Half mashed banana for each egg: it is one of the best known ways to replace eggs in muffins, cakes and plumcakes. Banana acts as binder and makes him soft dough, you just have to be careful to then adjust the amount of sugar to add to the recipe: in part the banana will already take care of sweetening.

5. Apple cider vinegar and baking soda

Apple cider vinegar replaces eggs when they have to inflate and rise the doughs of cakes and muffins. Add a teaspoon of vinegar and a pinch of baking soda to the last, mix and bake immediately.

6. Aquafaba

The aquafaba is simply thelegume cooking water, which in addition to being tasteless has the same characteristics as egg white: it can be mounted to prepare meringues, mousse or – together with oil, salt and lemon juice – to make a tasty one Vegan mayonnaise.

7. Apple or pumpkin pulp

50 g of grated apple or 70 g of cooked pumpkin pulp for each egg and you're done. Either way, the taste of the two ingredients may be felt in the finished product, you must therefore pay close attention to the combination of flavors.

8. Rice or corn starch

40 grams of rice or corn starch on 250 grams of liquid will allow you to thicken sweet and savory creams, sauces, puddings and spoon desserts.

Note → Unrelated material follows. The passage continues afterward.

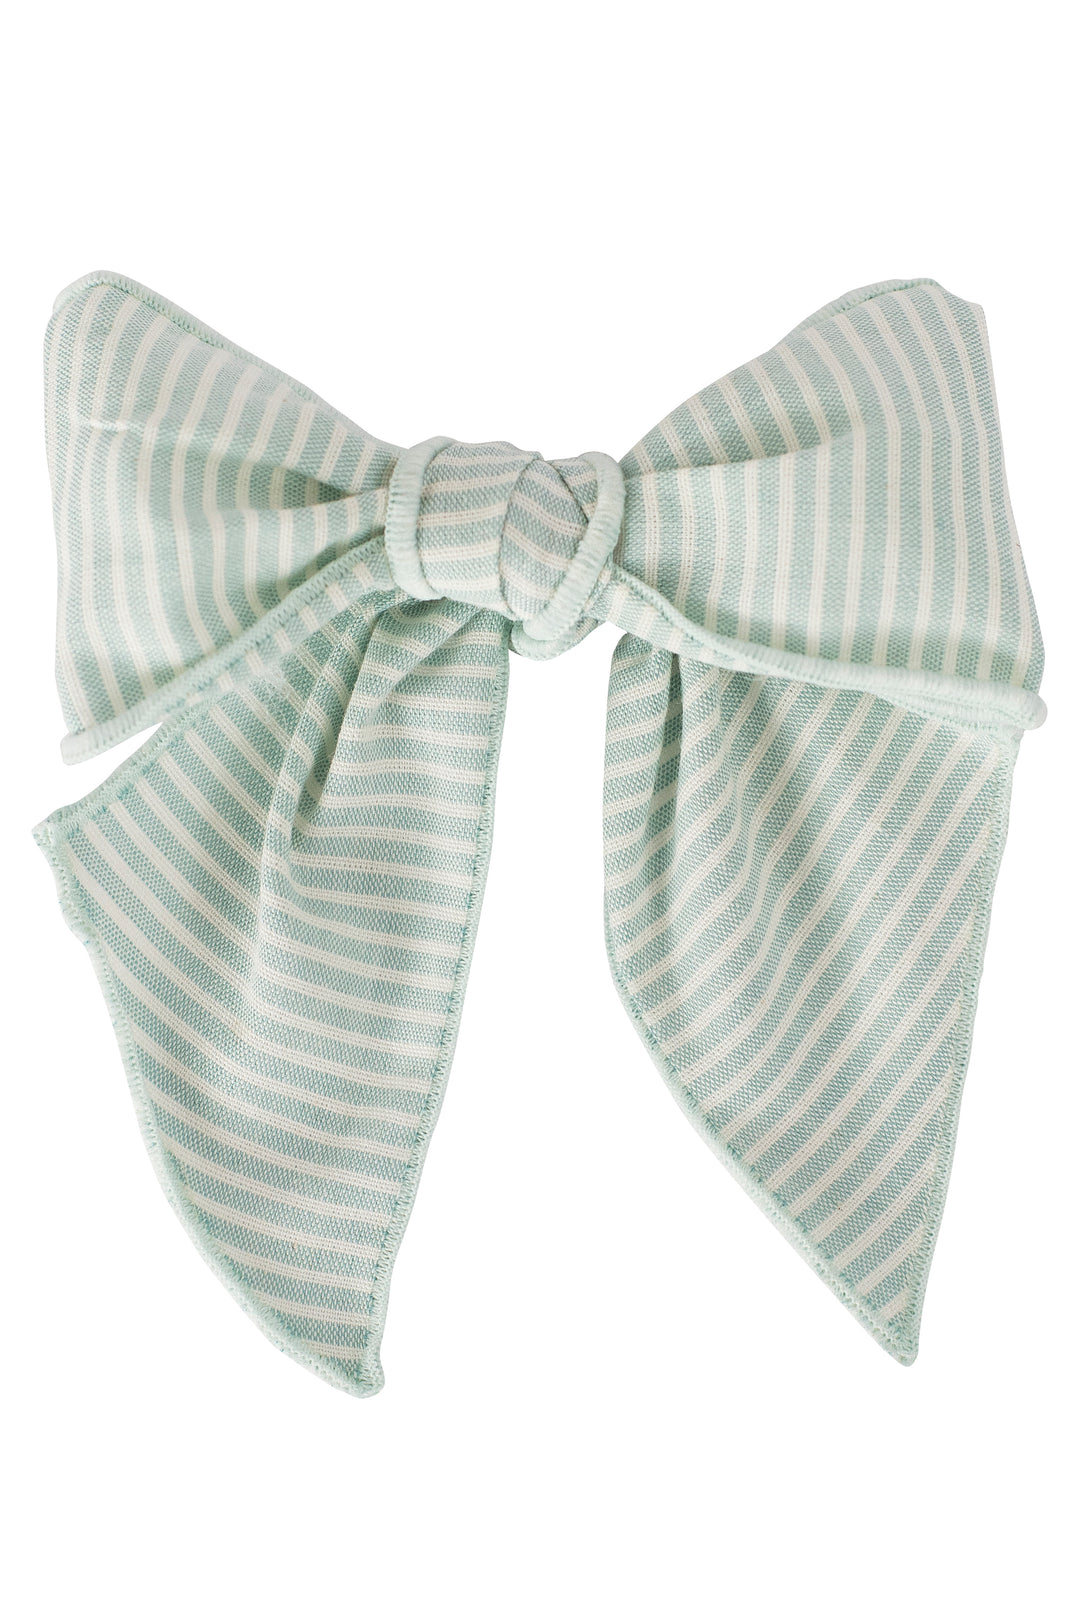 Calamaro Excellentt PREORDER Mint Green Striped Hair Bow | Millie and John
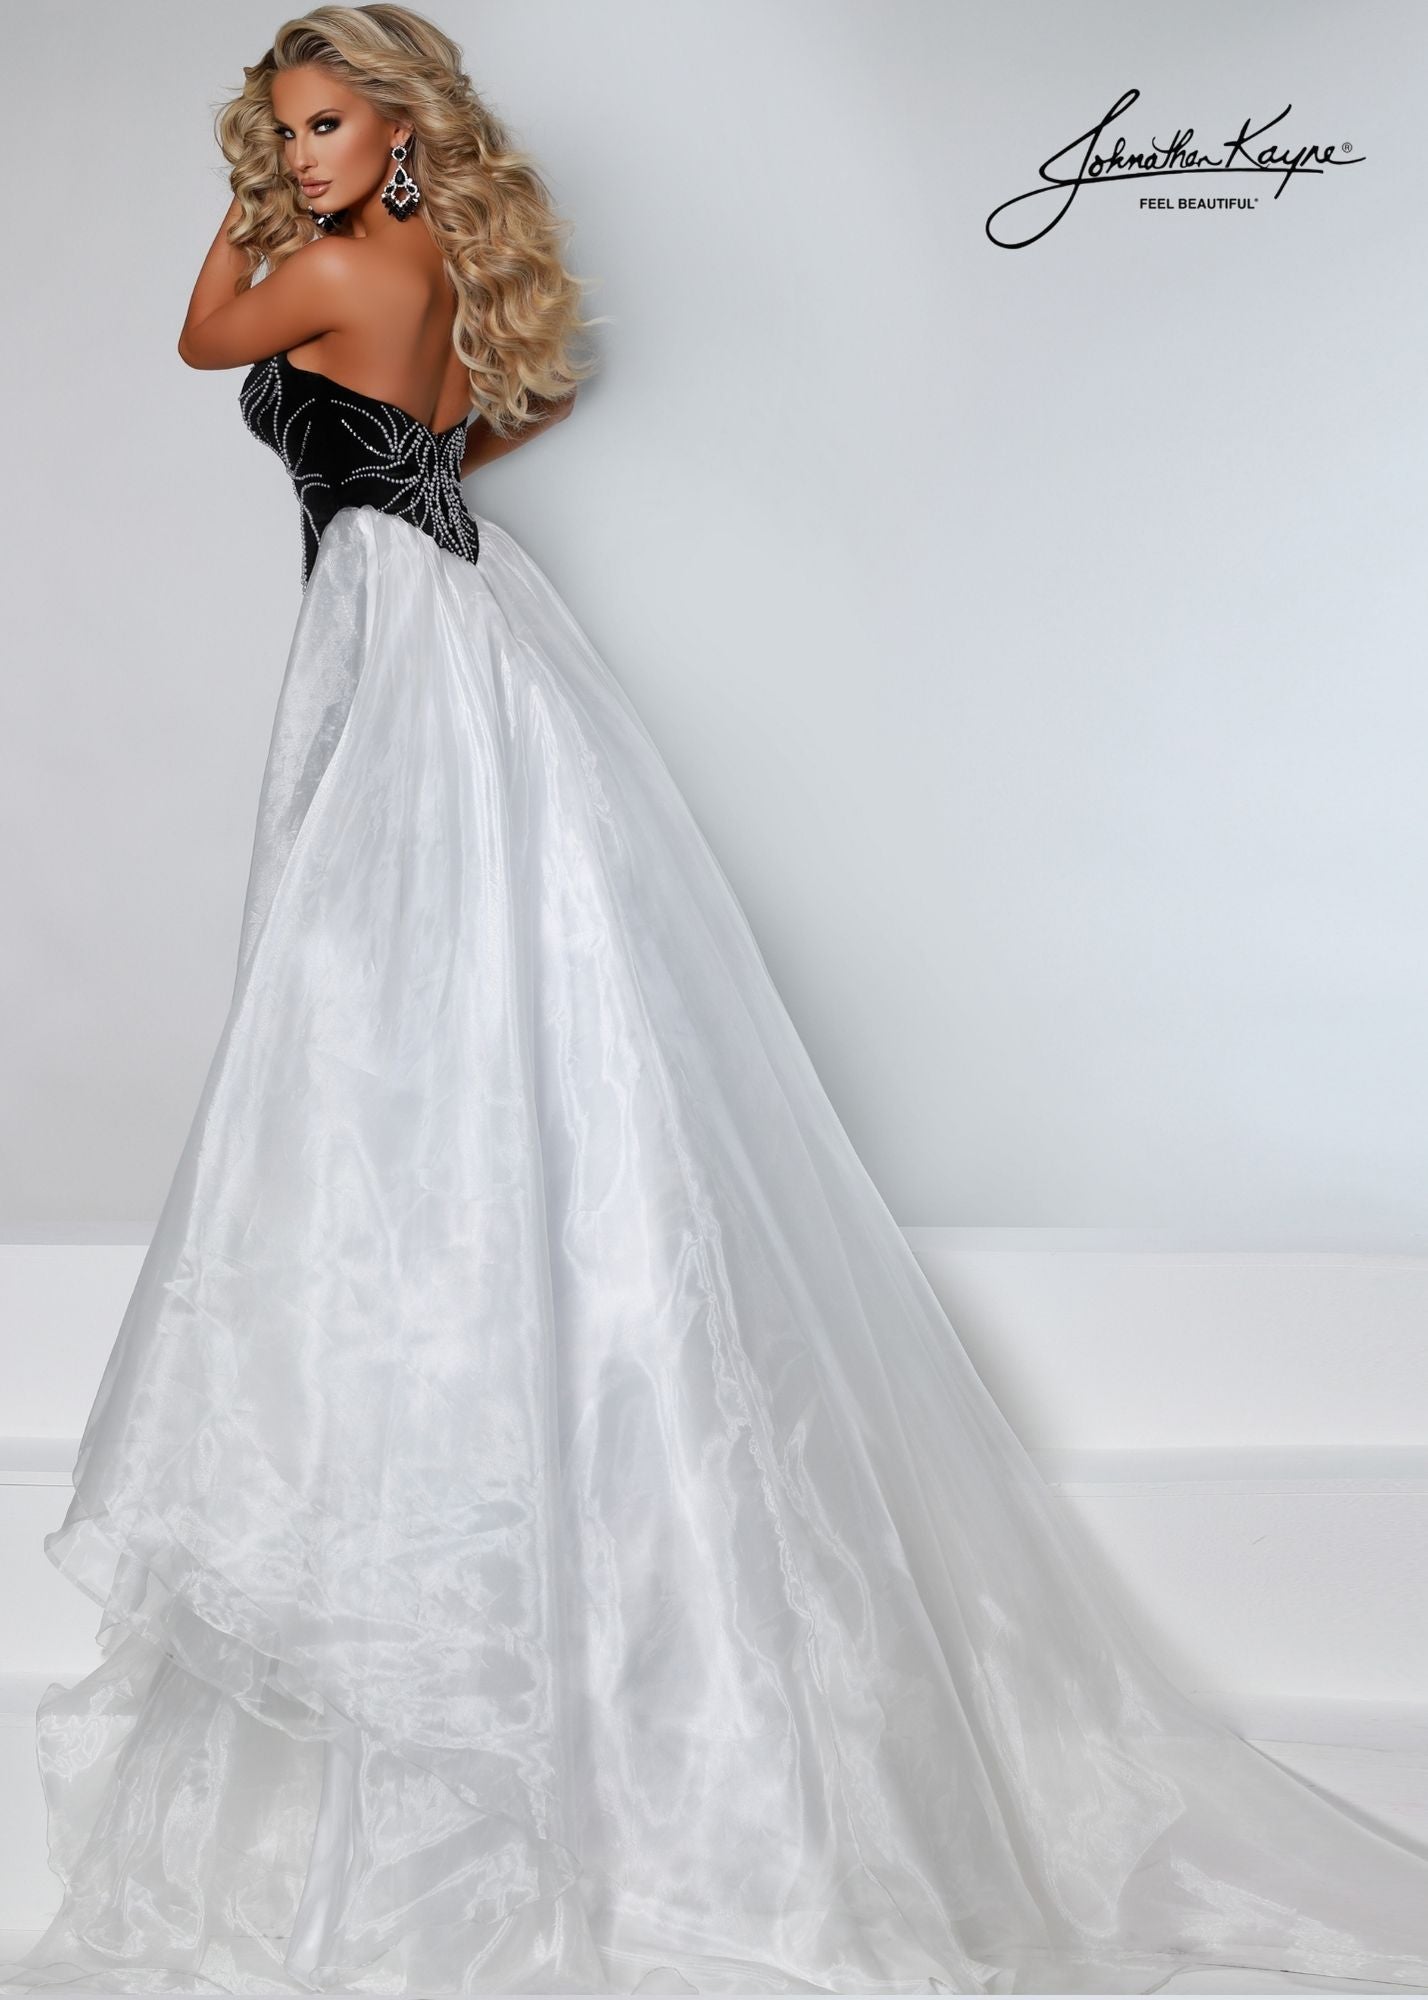 Johnathan-Kayne-2555-Black-White-Pageant-Gown-strapless-plunging-neckline-embellished-velvet-fitted-evening-dress-with-full-organza-overskirt-back

9. Potatoes, legumes, rice or millet

How to replace eggs in in meatballs and meatballs? Just add boiled and mashed potatoes or legumes or simply drained rice or millet.

10. Peanut Butter

The various types of butter deriving from dried fruit, spreadable creams obtained by blending hazelnuts, almonds, peanuts, cashews for a long time, are perfect in biscuits and shortbread. It is a fatty ingredient, so adjust the amount of oil or butter that you will add to the recipe: use three tablespoons of peanut butter instead of each egg.

11. Agar agar

How to replace eggs in creams, spoon desserts and puddings? With agar-agar, product obtained from the processing of different kinds of red algae, which has a high thickening power: in fact, one teaspoon for every 200 ml of liquid is enough.

12. Chickpea flour

In addition to the vegan omelette, chickpea flour can also be used for meatballs (a tablespoon of flour with three tablespoons of water) or in savory pies and plumcakes, combining two tablespoons of chickpea flour, three of water, a teaspoon of instant yeast and a pinch of baking soda. Here's how to replace eggs, without losing their agglutinating power.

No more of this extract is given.